4.3 Software-only, auditable ground truth

Episodes run in simulation. Hidden state and transition rules are programmatic. The evaluator — not the agent — holds ground truth. Observations are noisy; held-out query points are never exposed during the interaction phase. This supports reproducibility and third-party regrading from logged trajectories.

4.4 Tiered difficulty

Track A progression: independent actions → compositional/non-commutative actions → context-dependent actions (same symbol, different effect depending on latent mode).

Track B progression:

Tier 1: Unique ground truth given initial data.
Tier 2: Degenerate decoy theories until a specific intervention (e.g. mean-field vs. 2D Ising until susceptibility peak shape is measured; direct vs. consecutive kinetics until intermediate concentration is probed).
Tier 3: Scale hierarchy — agent must distinguish fundamental from emergent descriptions.
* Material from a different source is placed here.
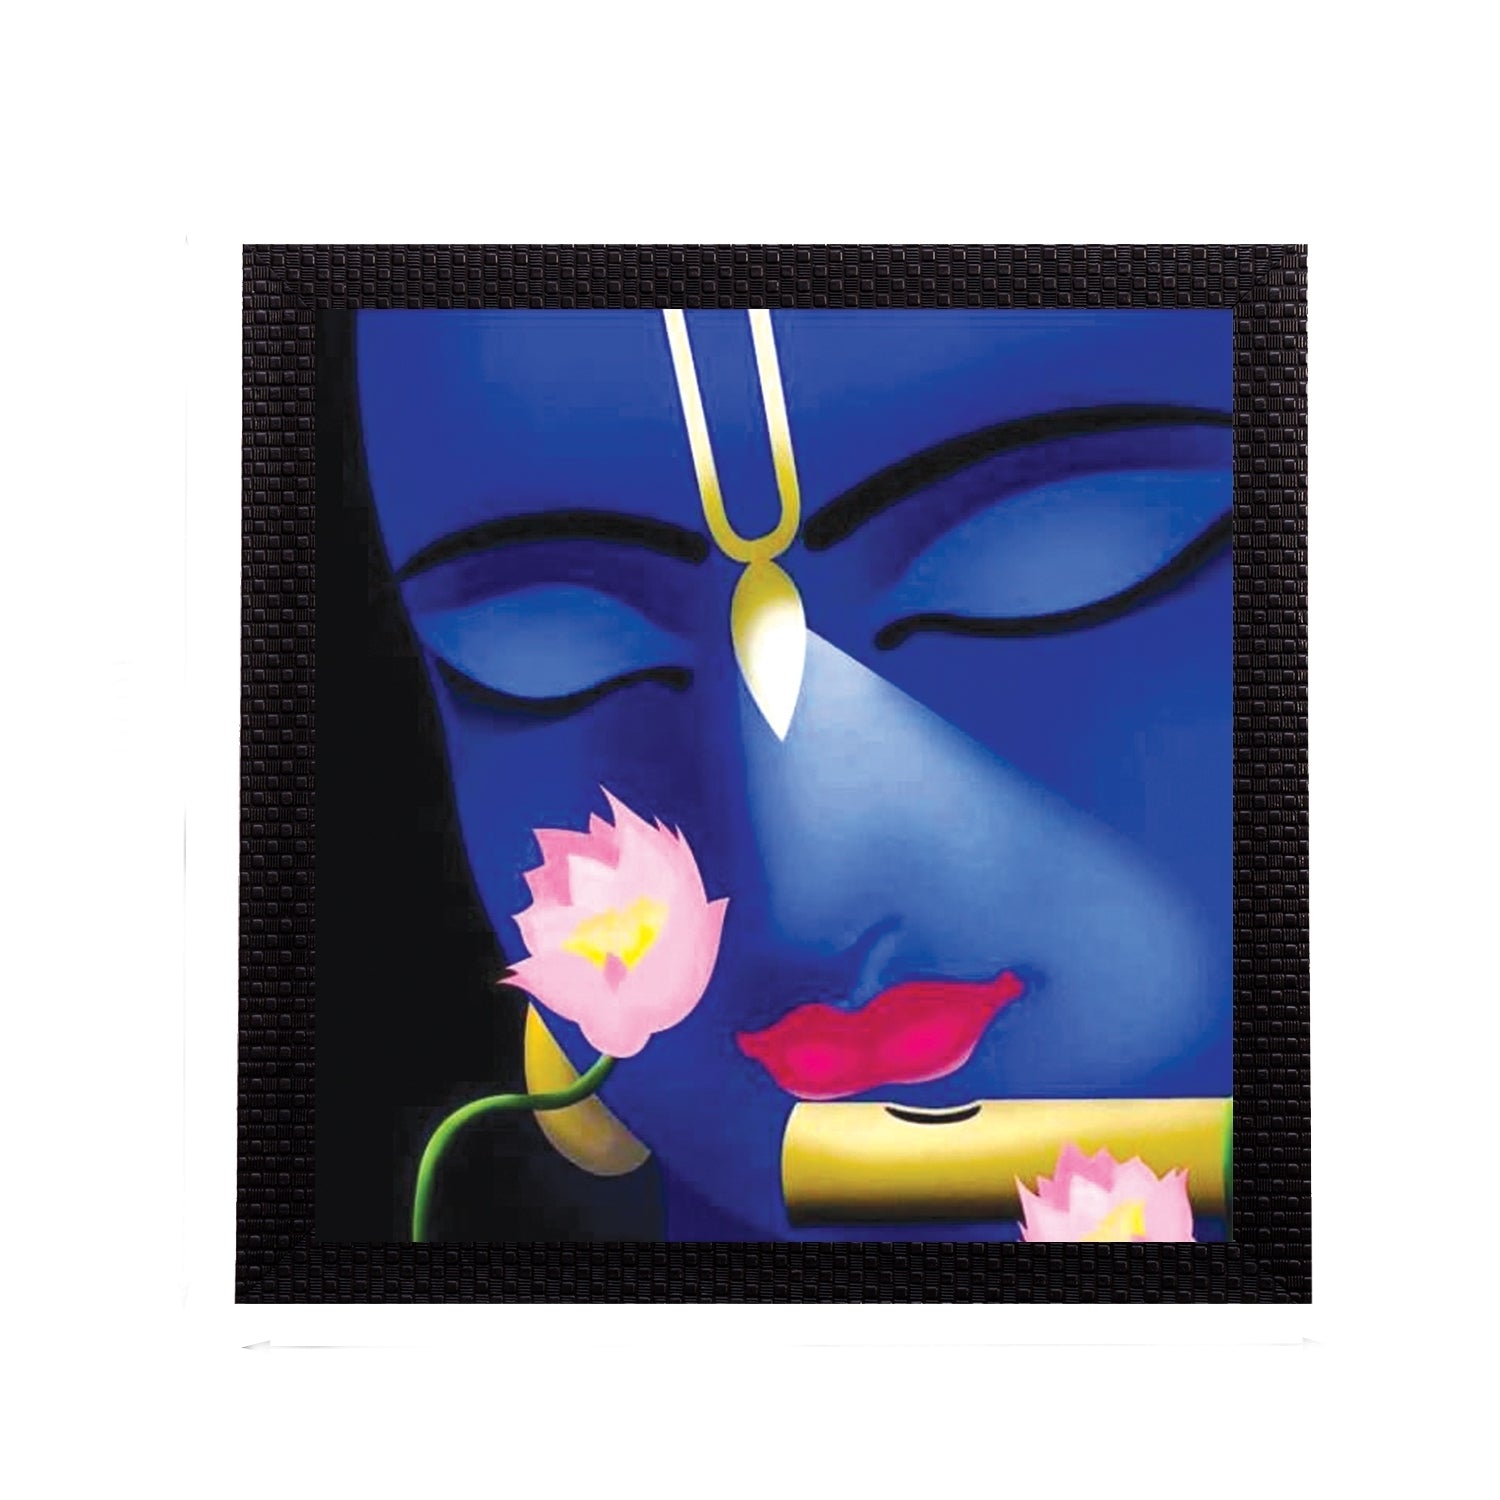 Enlightening Krishna Satin Matt Texture UV Art Painting

5. Where the tracks diverge

Understanding the differences is essential for construct validity — conflating them produces benchmarks that reward the wrong behavior.

5.1 Success object and failure modes

	Track A	Track B
Success object	Correct (\hat{\phi}(a)) for each action	Correct mechanism + accurate held-out predictions
Primary failure	Mislabels actions; cannot plan	Curve-fits training data; wrong theory
Can pass without science?	Yes	No
Can fail despite knowing actions?	Unlikely	Yes — wrong mechanism class

An agent that learns all action labels but submits mean-field theory for a 2D Ising world should score highly on semantics and poorly on discovery. An agent that memorizes spin snapshots without learning what (A_1) does should fail both.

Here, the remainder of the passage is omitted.